▶ EXERCISE OBJECTIVE:
Your copy runs from the line containing "USB флеш накопитель" through the last line of the listing, both included. Restate those lines word for word and leave out pictures.

▶ THE DATA:
# # #
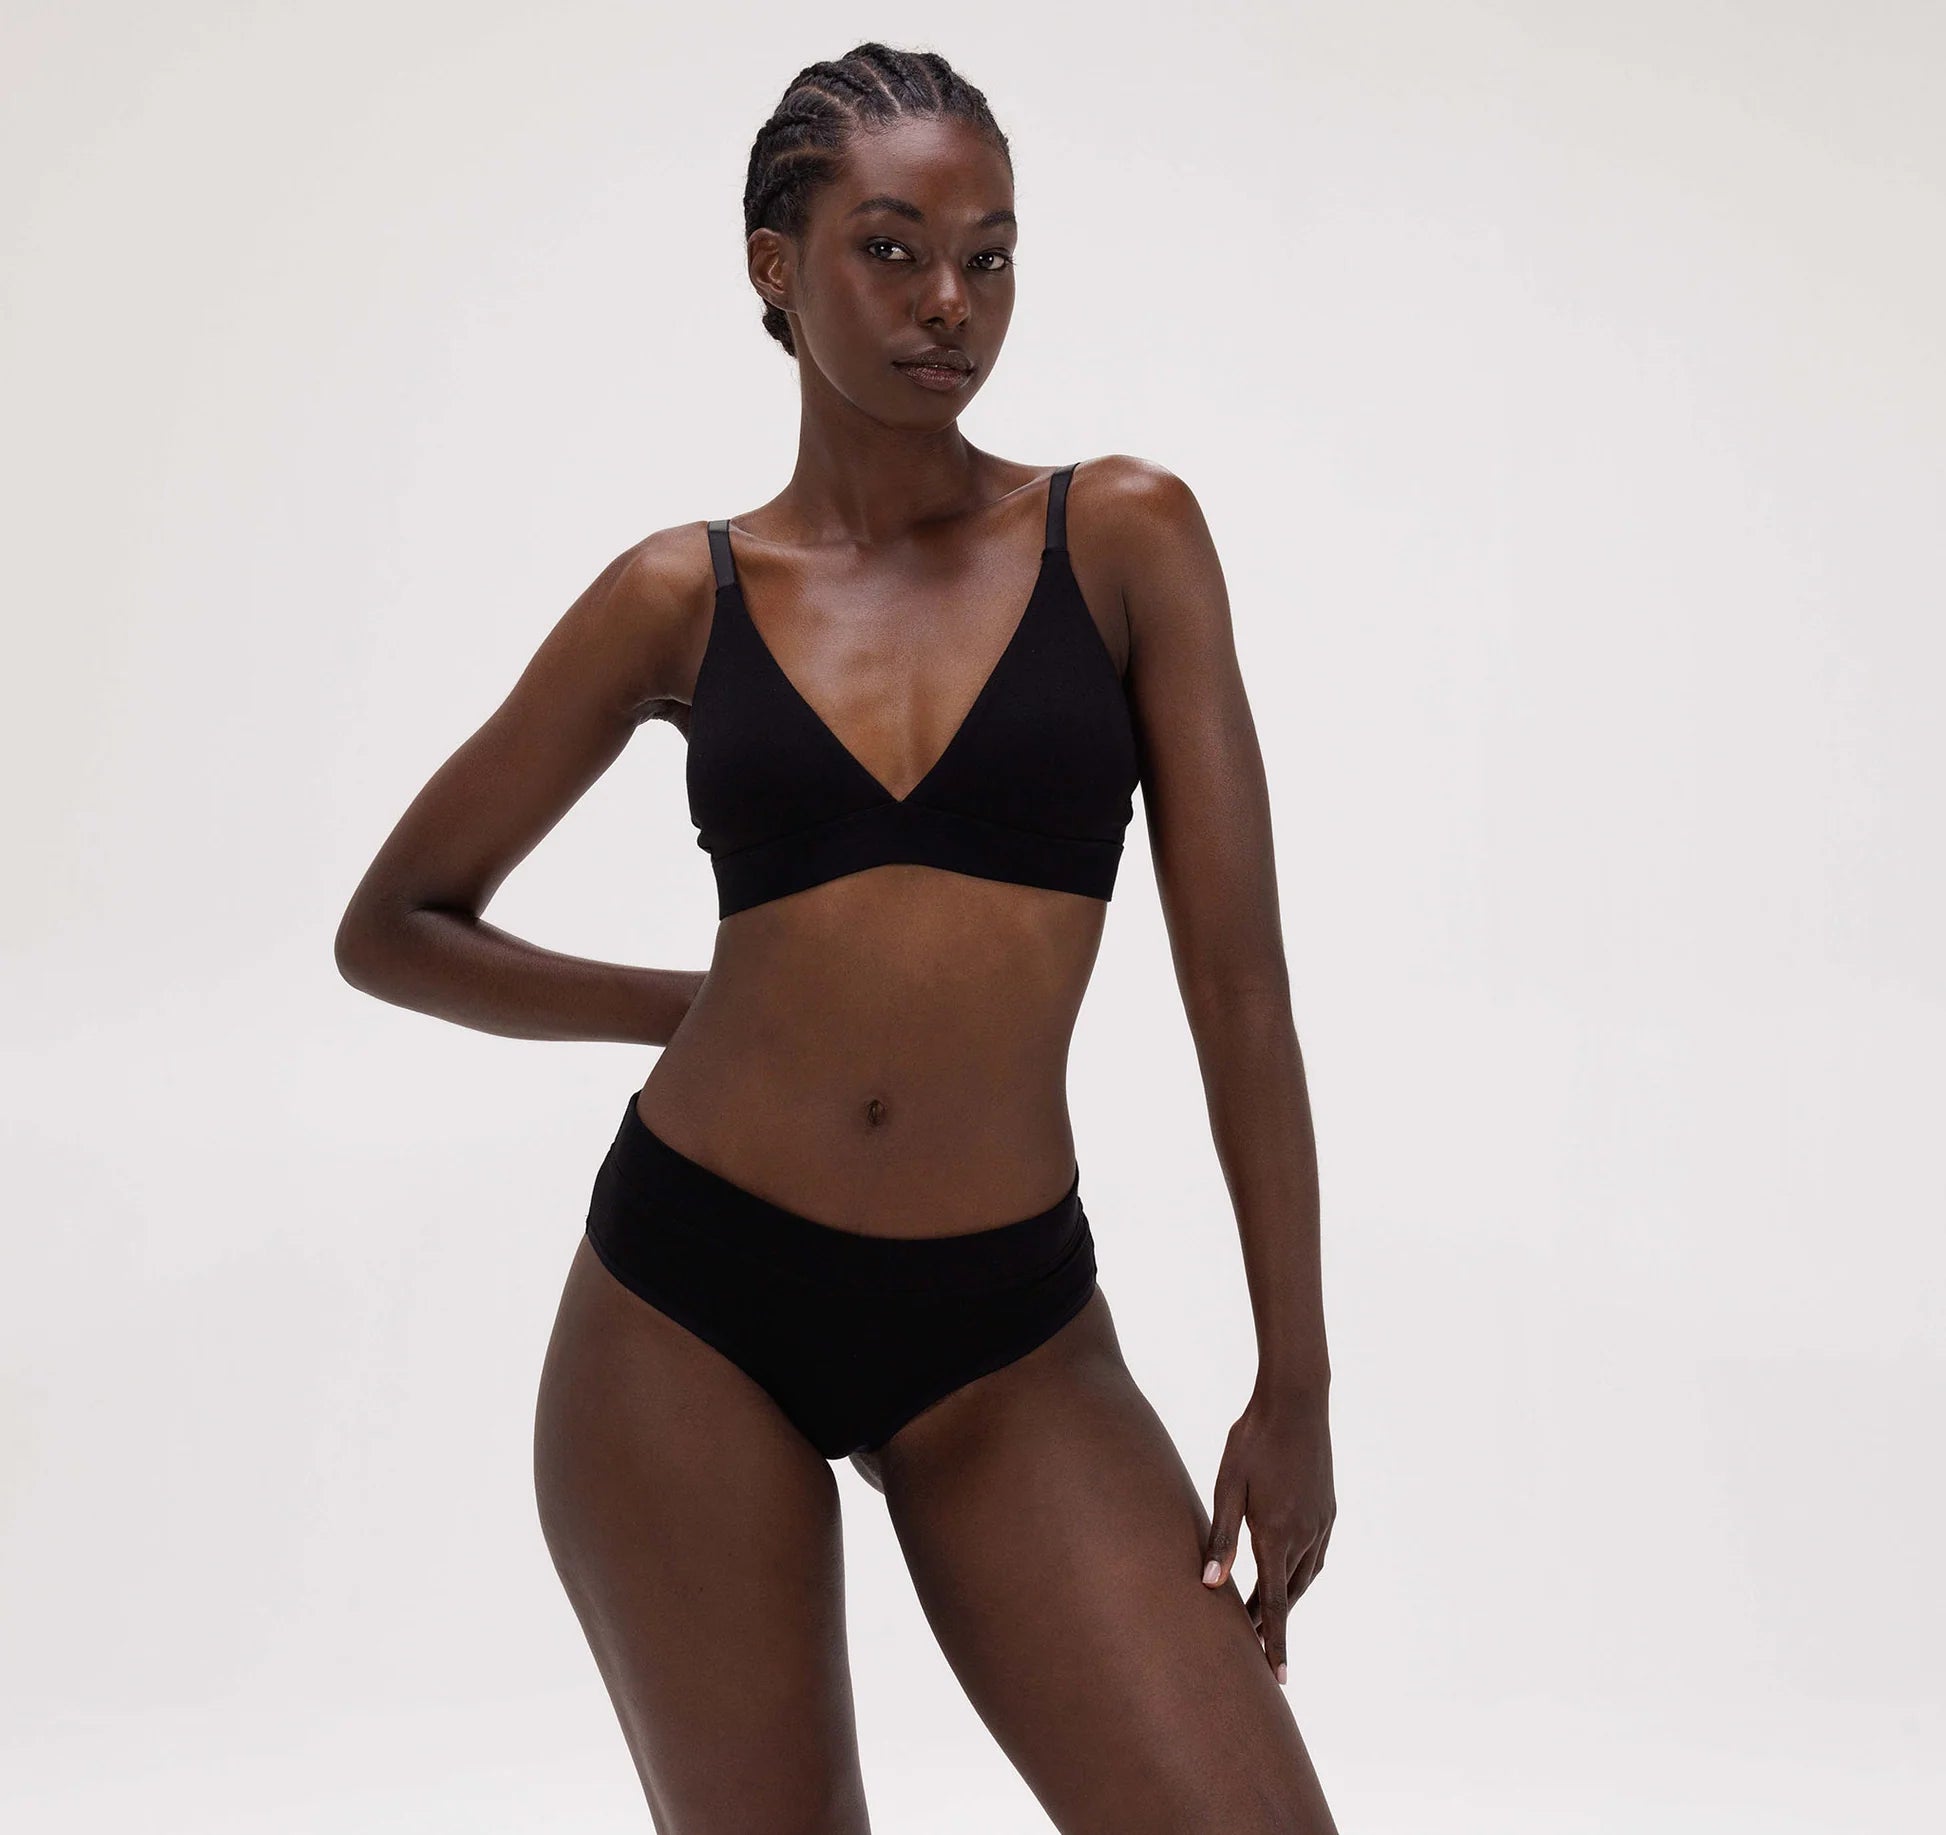 An Organic Basics Core Triangle Bra - Black providing support for a woman in a black bikini top and bottom.
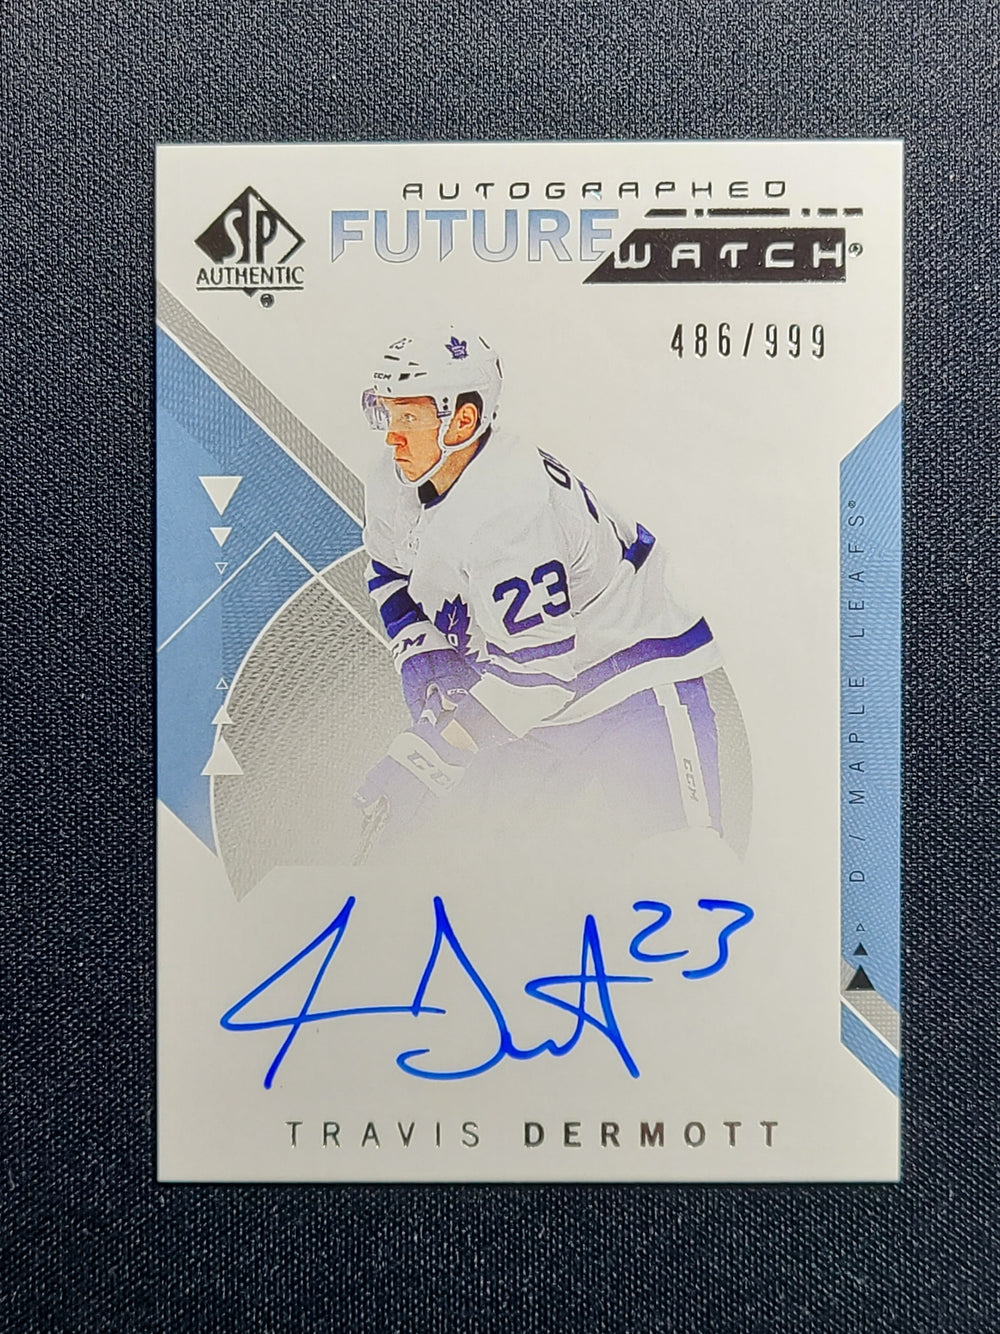 2018-19 SP Authentic Future Watch Auto #174 Travis Dermott Toronto Maple Leafs 486/999
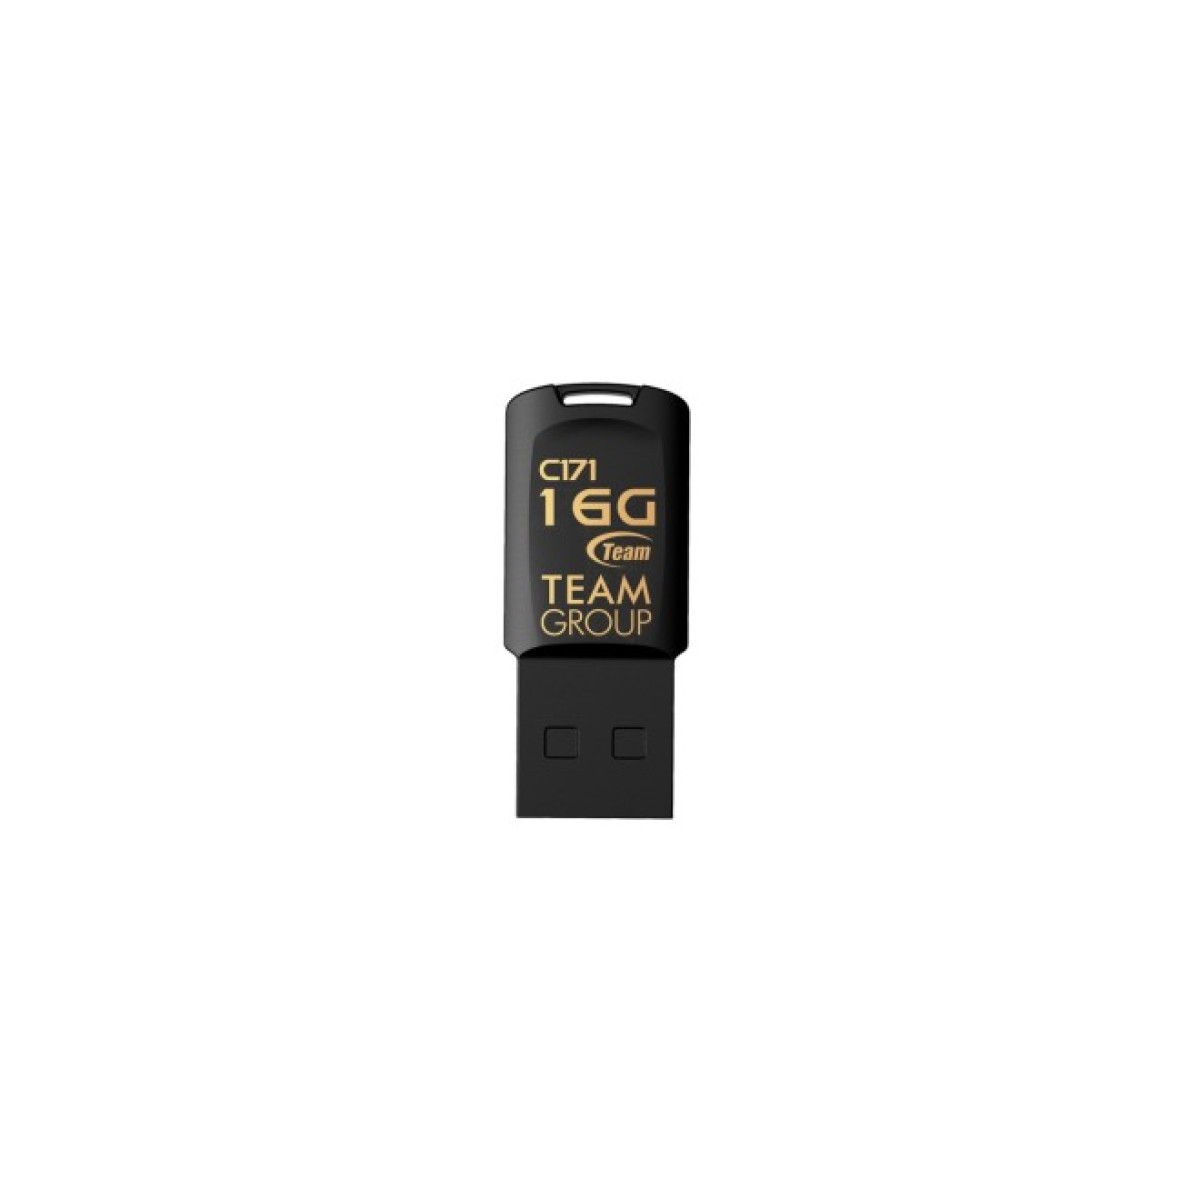 USB флеш накопитель Team 16GB C171 Black USB 2.0 (TC17116GB01) 256_256.jpg
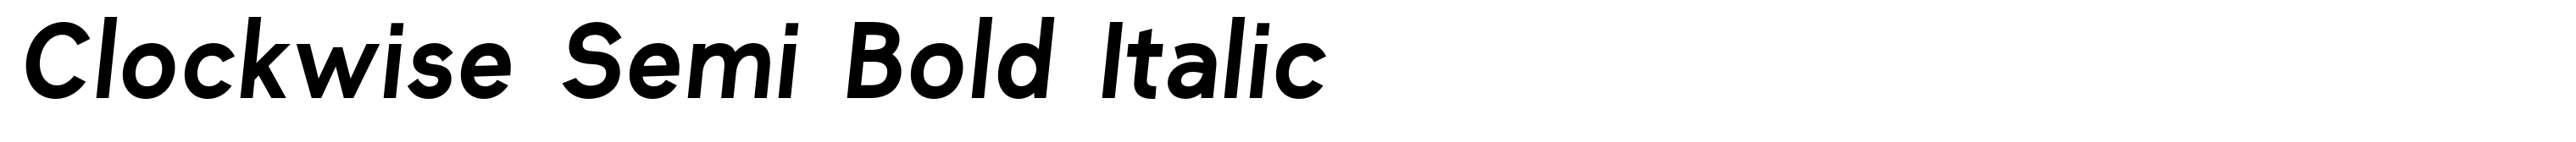 Clockwise Semi Bold Italic
# # #
▶ SOLUTION:
 USB флеш накопитель Team 16GB C171 Black USB 2.0 (TC17116GB01) 256_256.jpg
 Clockwise Semi Bold Italic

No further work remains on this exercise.